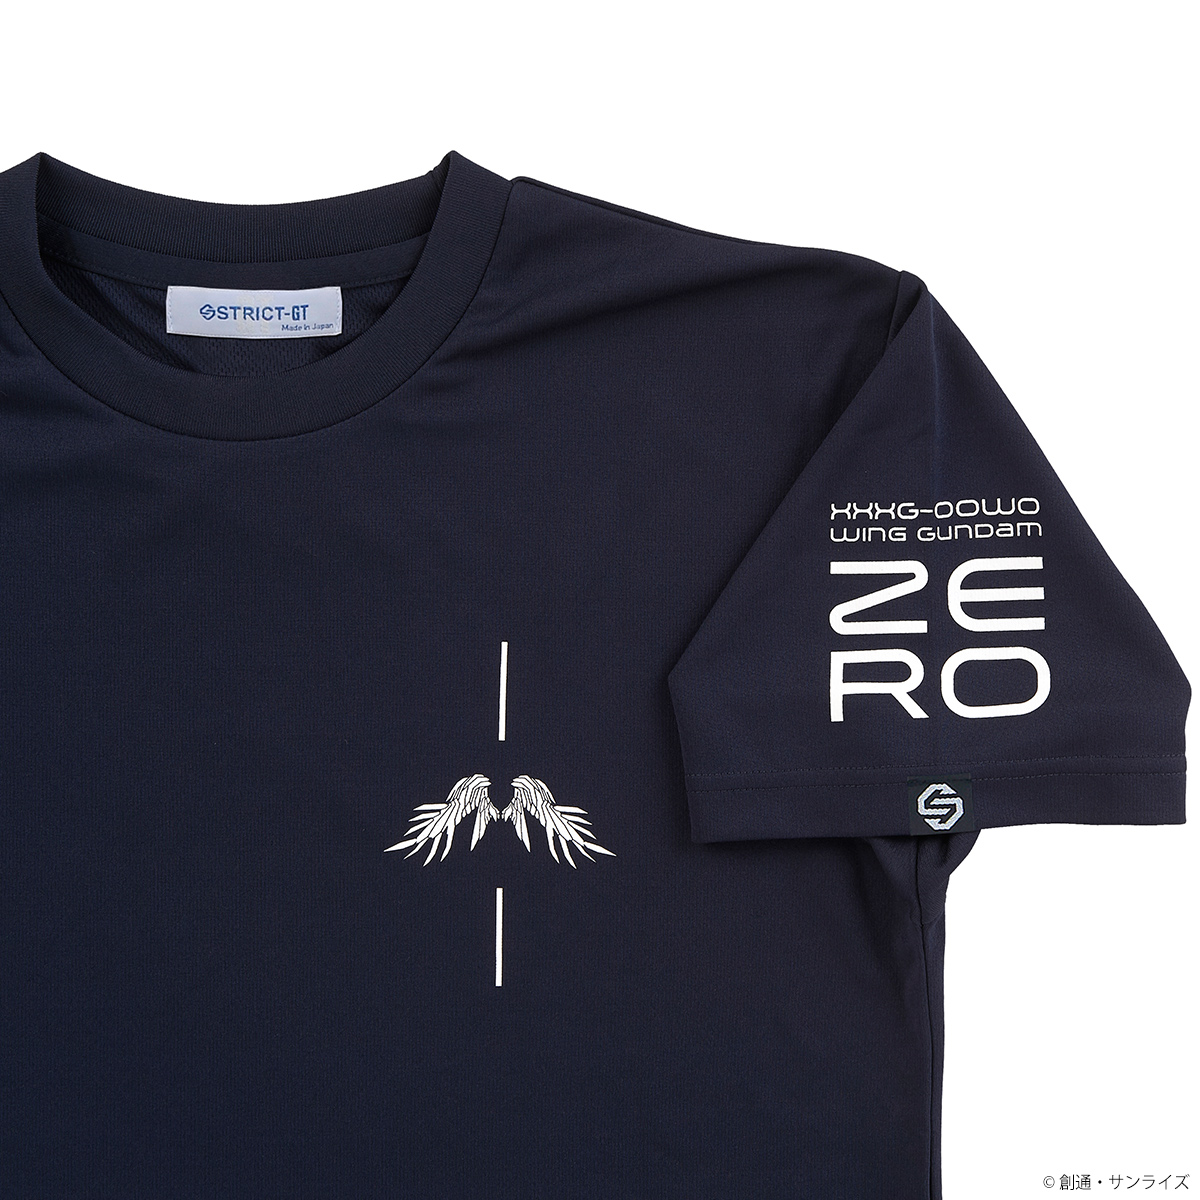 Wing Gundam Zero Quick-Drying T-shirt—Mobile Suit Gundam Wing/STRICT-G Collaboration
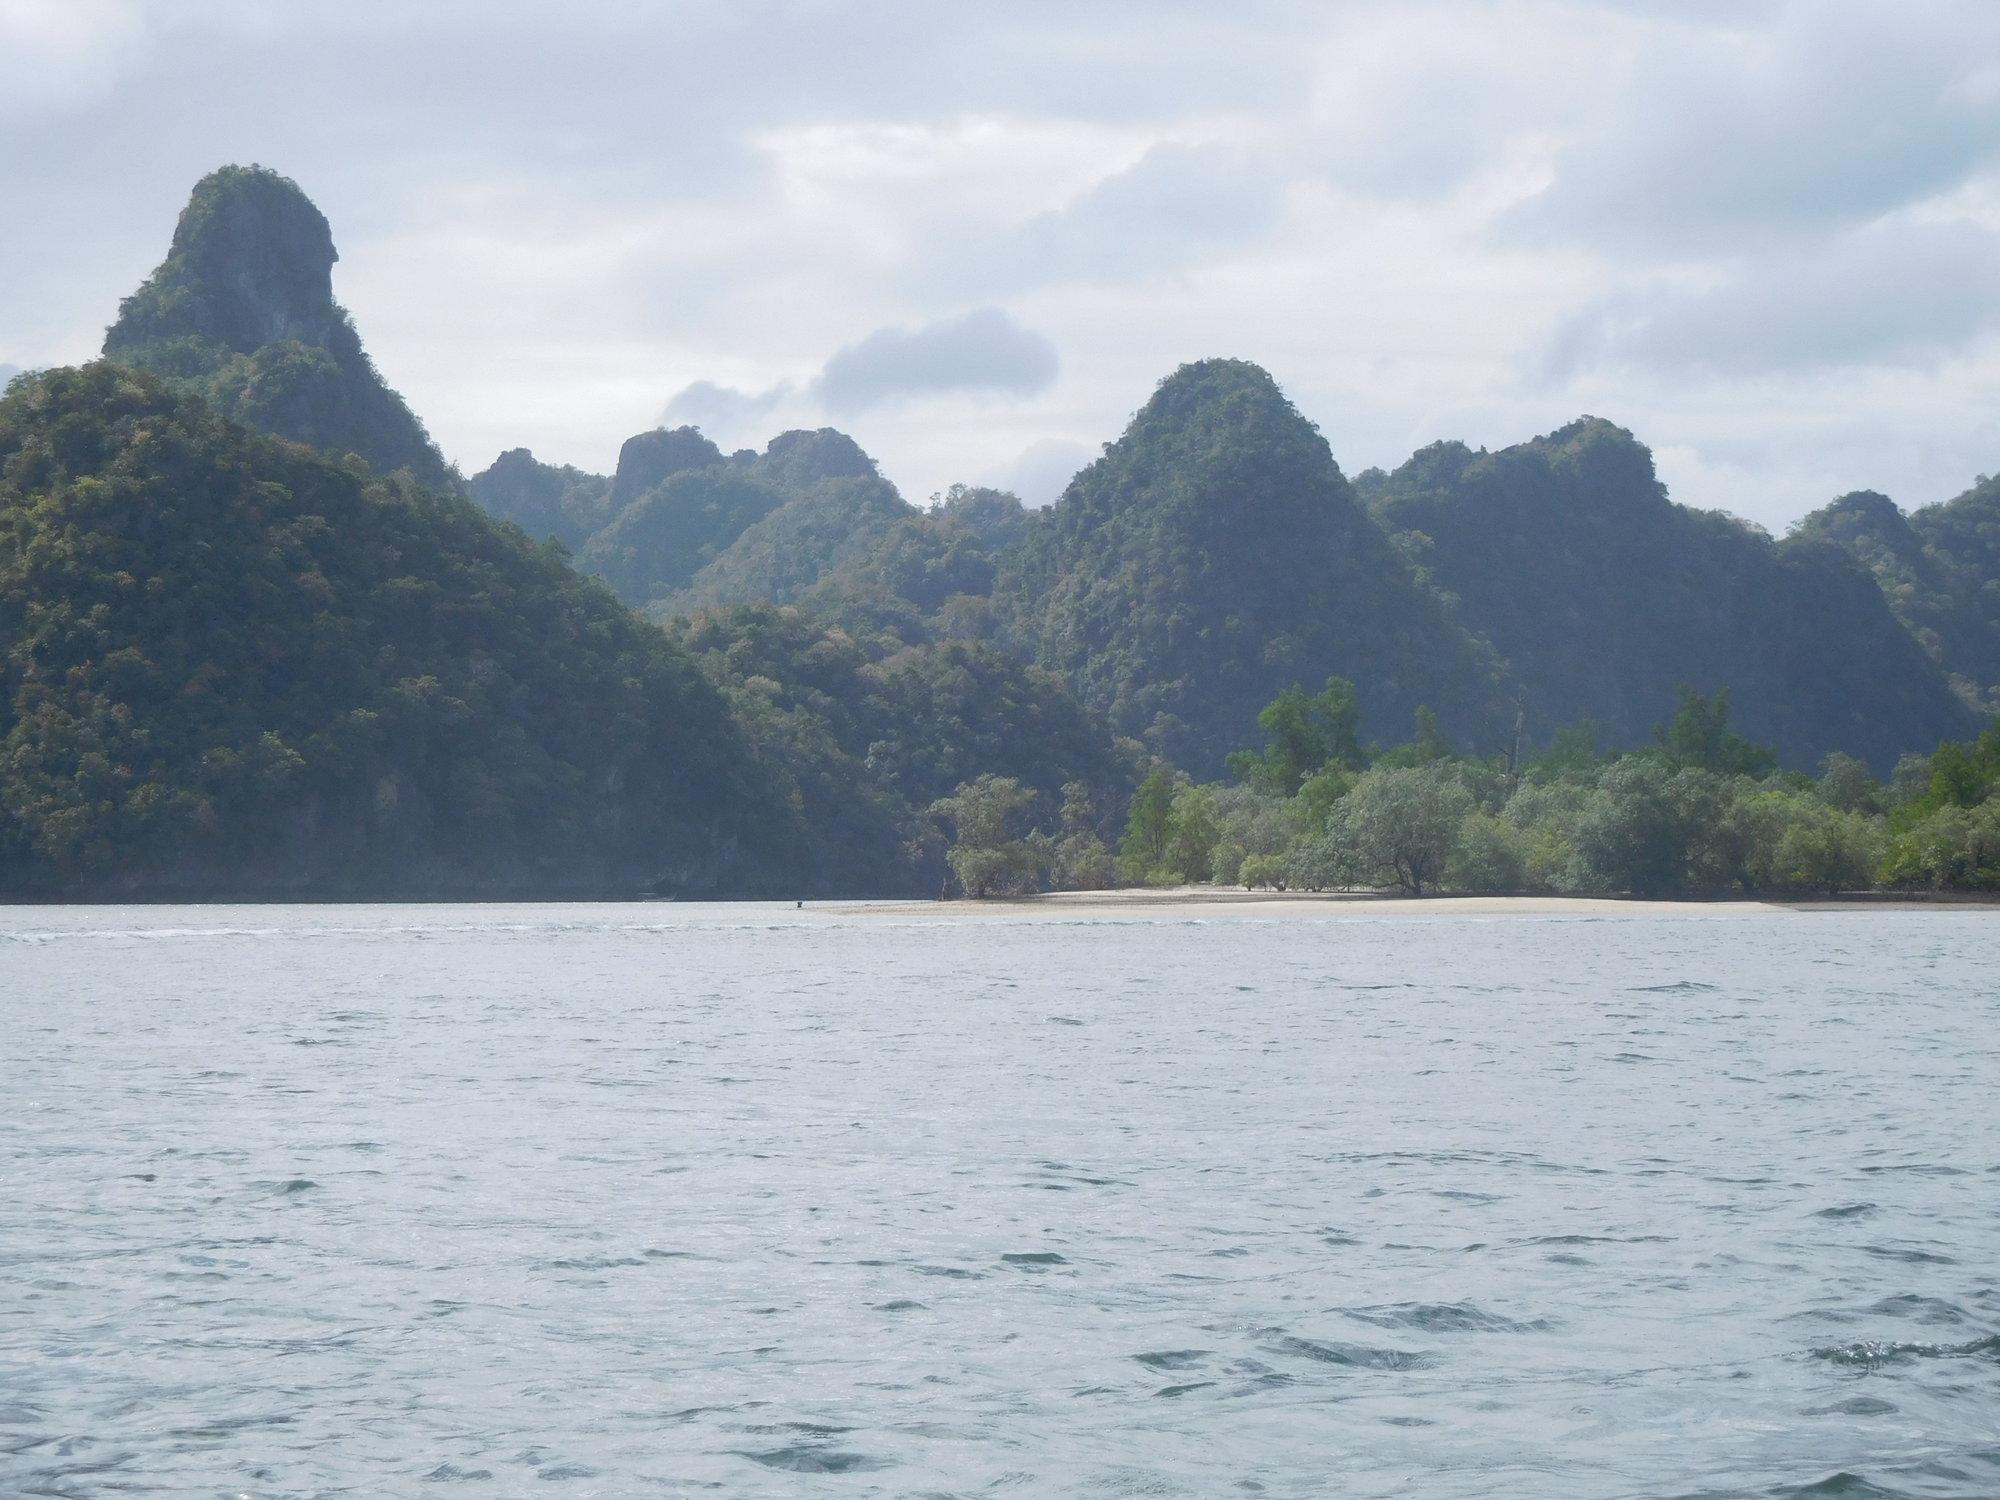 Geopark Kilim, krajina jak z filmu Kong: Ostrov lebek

----

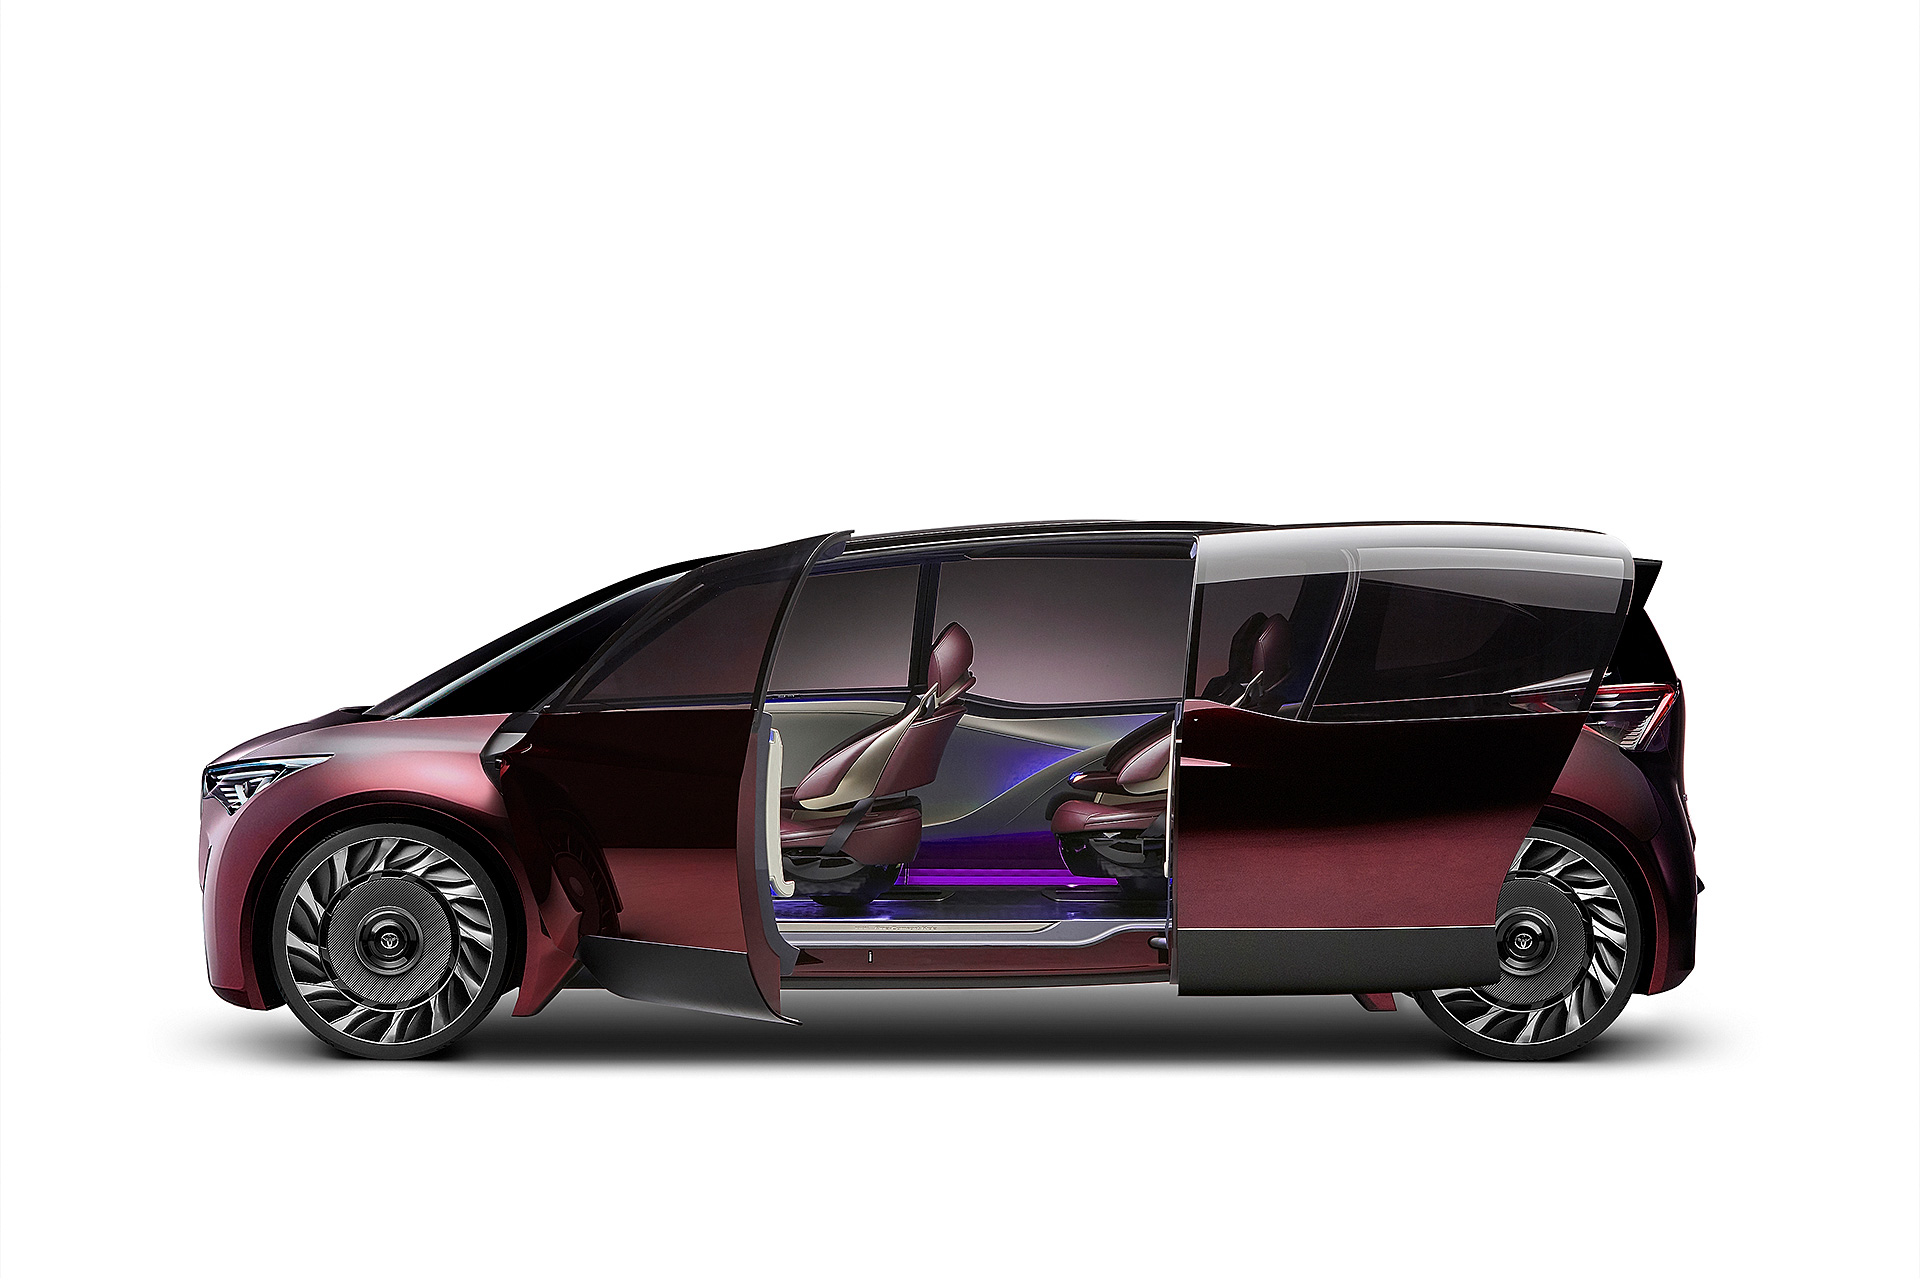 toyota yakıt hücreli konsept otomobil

----

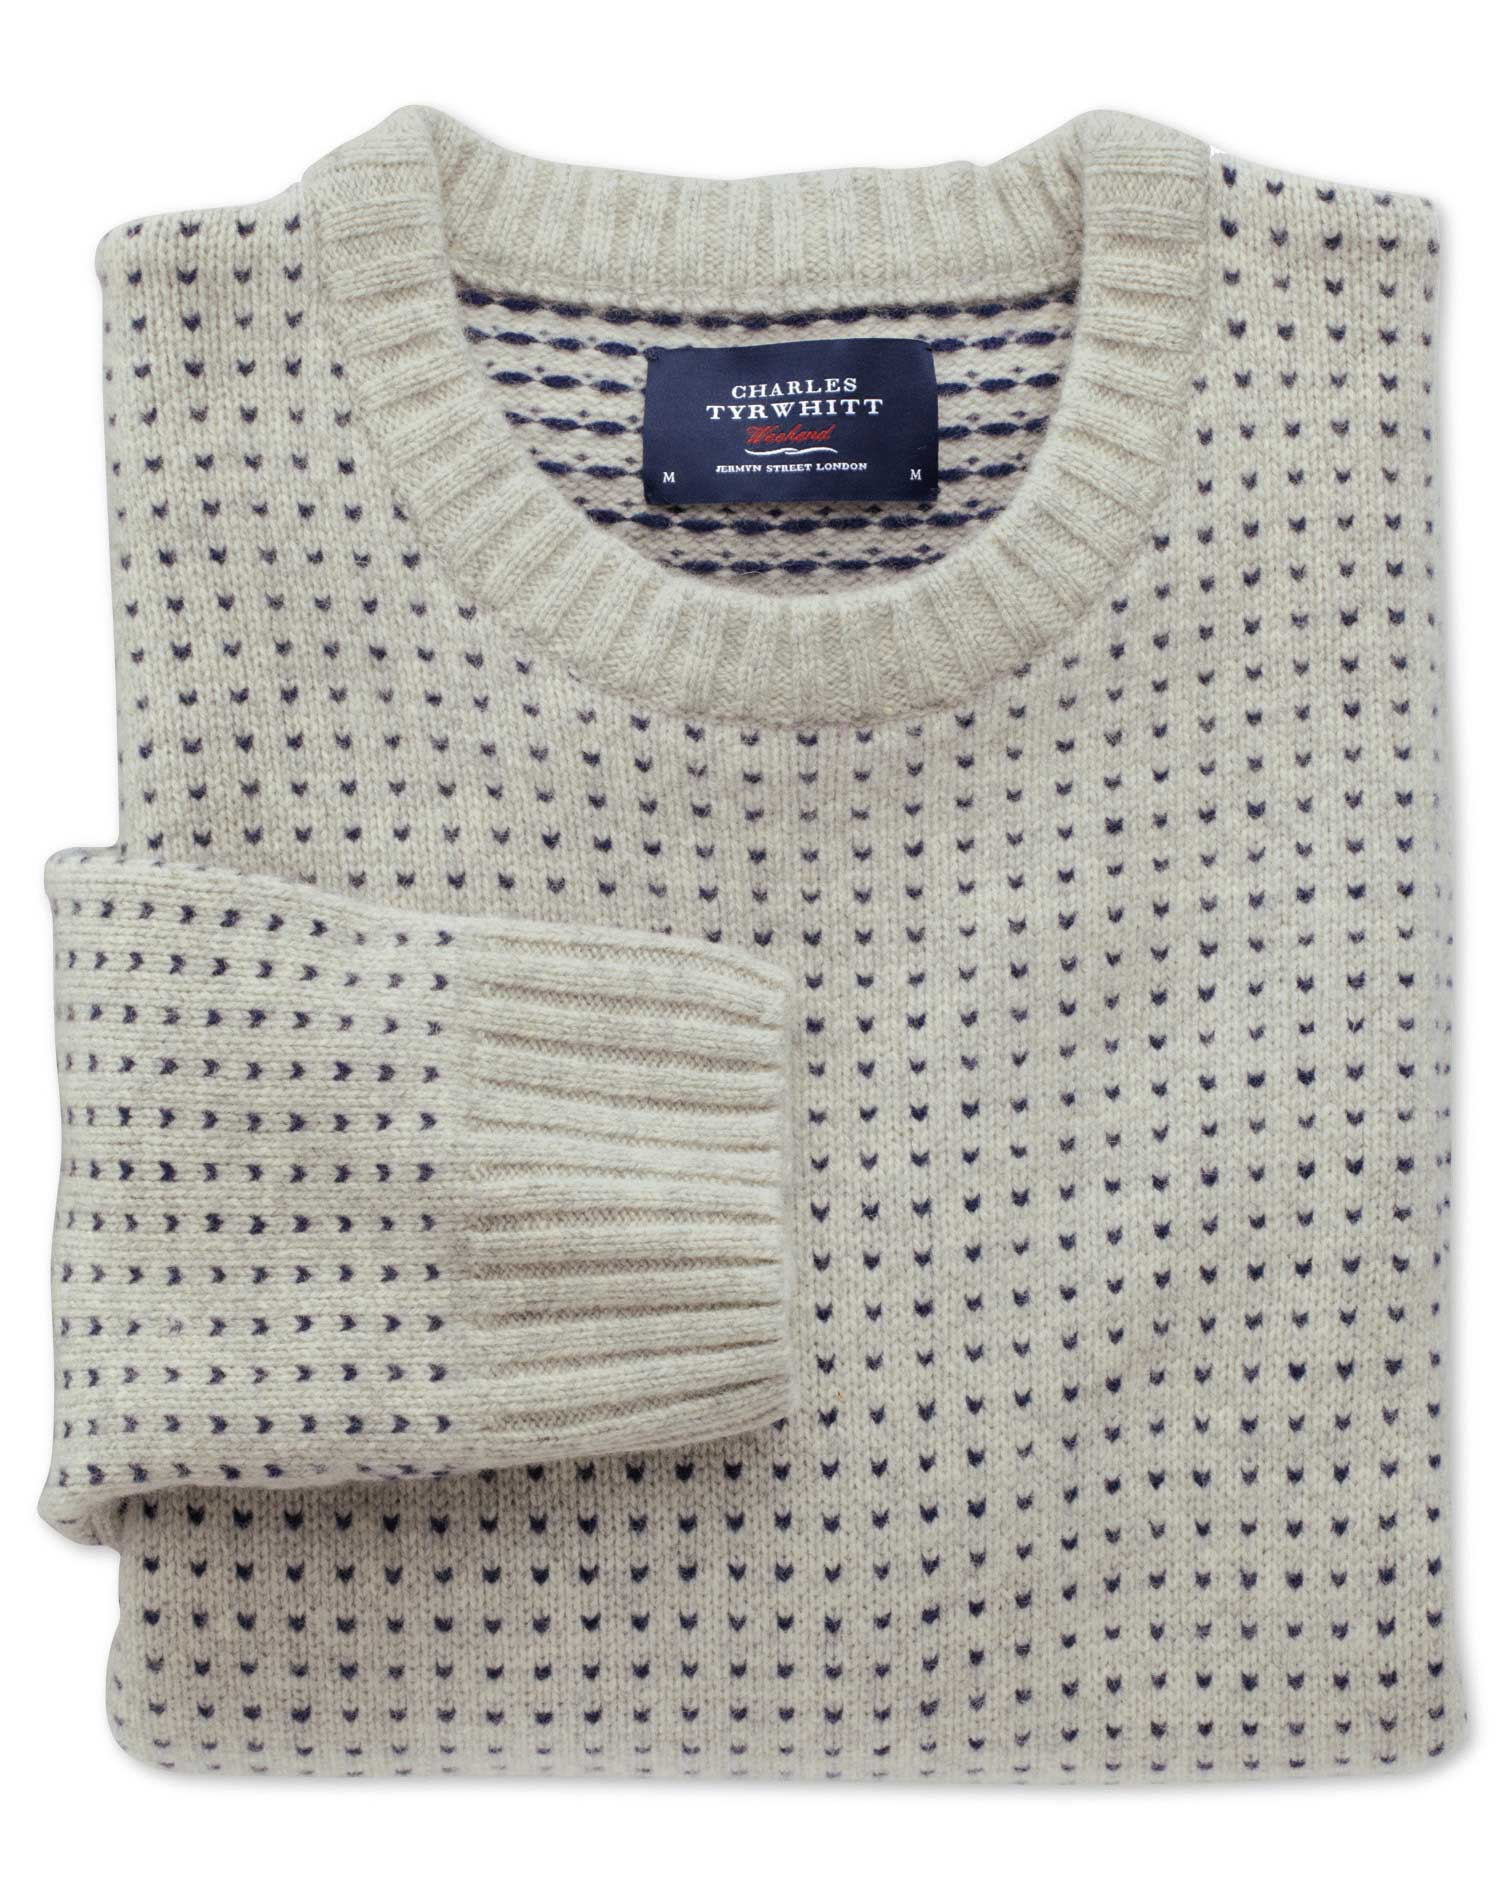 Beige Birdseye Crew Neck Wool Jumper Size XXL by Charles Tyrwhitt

----

## Work request
Print, exactly, each line above from the one with "Wing Gundam Zero" to the one with "Geopark Kilim, krajina", end lines included. Leave pictures out of it.

## Task response
 Wing Gundam Zero Quick-Drying T-shirt—Mobile Suit Gundam Wing/STRICT-G Collaboration
 Geopark Kilim, krajina jak z filmu Kong: Ostrov lebek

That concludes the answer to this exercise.